Transcript: Assemblyman Tom Ammiano’s Q&A with LAO analyst Drew Soderborg on the impacts of overcrowding on medical and mental health care in California prisons before the Assembly Select Committee on Justice Reinvestment on Oct. 21, 2013

Partial transcript of Assemblyman Tom Ammiano’s (D-San Francisco) Q&A with Drew Soderborg, Managing Principal Analyst, Corrections, Transportation, and Environment, at the Legislative Analyst’s Office, on the impacts of prison overcrowding on medical and mental health care in California’s prison system. The hearing before the Assembly Select Committee on Justice Reinvestment was held on Oct. 21, 2013:

Assemblyman Tom Ammiano (D-San Francisco):
Is there still a medical staff shortage?

Drew Soderborg, Managing Principal Analyst, Corrections, Transportation, and Environment, at the Legislative Analyst’s Office:
So the receiver continues to face staffing challenges, but the extent of the challenges have really been reduced in recent years. So, for example, in 2006, the vacancy rate for physicians was about 29% on a statewide level and now it’s down to 12%. The vacancy rate for nurses and pharmacy professionals was around 30%. The vacancy rate for nurses is now down to 16% and the vacancy rate for pharmacy specialists is around 23%.

But it is important to note that while improvement has occurred on a system-wide level, there is large amounts of regional variance. So a good example of this is that Chuckawalla Valley State Prison, Salinas Valley State Prison, and Pelican Bay State Prison still have vacancy rates in the physician classification that exceeds 30%.

Assemblyman Tom Ammiano (D-San Francisco):
What’s the status of the electronic medical records system?

Drew Soderborg, Managing Principal Analyst, Corrections, Transportation, and Environment, at the Legislative Analyst’s Office:
So within the last month, the receiver submitted a feasibility study report to the legislature to implement an electronic health records system and the receiver has also briefed the legislature on what it envisions the project to be. It estimates that it will begin rolling the system out to the prisons beginning around 2015.

Assemblyman Tom Ammiano (D-San Francisco):
Has the death rate of inmates decreased since the receiver has taken over? Not just because there’s been a reduction of population but in better care or not as good care?

Drew Soderborg, Managing Principal Analyst, Corrections, Transportation, and Environment, at the Legislative Analyst’s Office:
Yeah, the rate of preventable deaths per 100,000 inmates has generally declined under the receivership. So in 2006, it was about 40 per 100,000, and in 2011, it was at 27 per 100,000.

Now, if you don’t look just at preventable deaths but you look at the overall death rate, that has actually moved around a little bit. So it was 255 in 2006. It went down to 217 in 2008. And then it was back up again to 240 in 2011.

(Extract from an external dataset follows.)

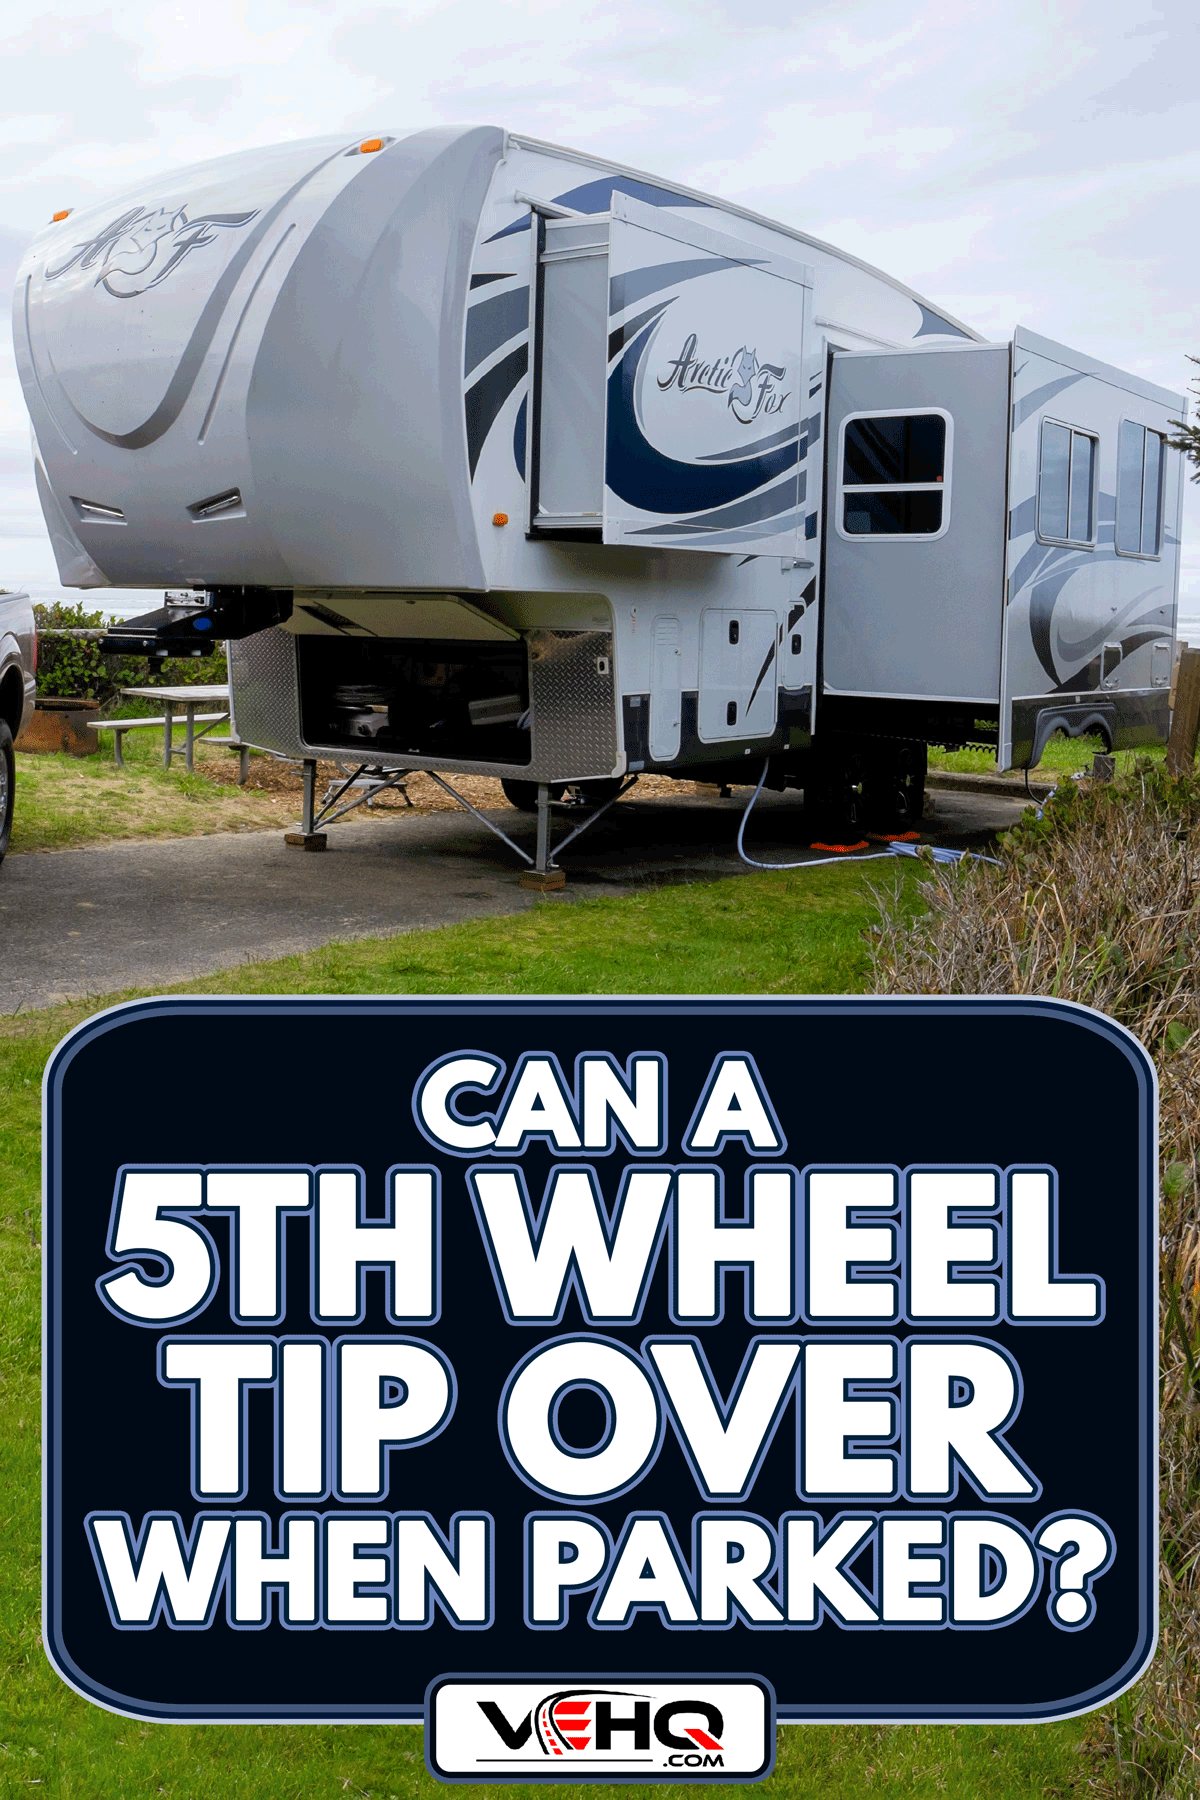 Campsite with a large Arctic Fox 5th Wheel, Can A 5th Wheel Tip Over When Parked?

But really in some ways probably a more direct measure of the quality of health care is the preventable death rate.

Assemblyman Tom Ammiano (D-San Francisco):
…Maybe we could talk about mental health and what’s been happening with that.

Drew Soderborg, Managing Principal Analyst, Corrections, Transportation, and Environment, at the Legislative Analyst’s Office:
Yeah, so CDCR has made a series of changes to improve its mental health care. One of the most significant changes it’s made is standardizing its operations and procedures across the state. That was done in 2009. It’s also completed or initiated several major construction projects to try to increase the capacity of its mental health care system. The CDCR has indicated to us that waitlists for its inpatient mental health beds have been reduced significantly. So those give you a flavor of some of the improvements made to date.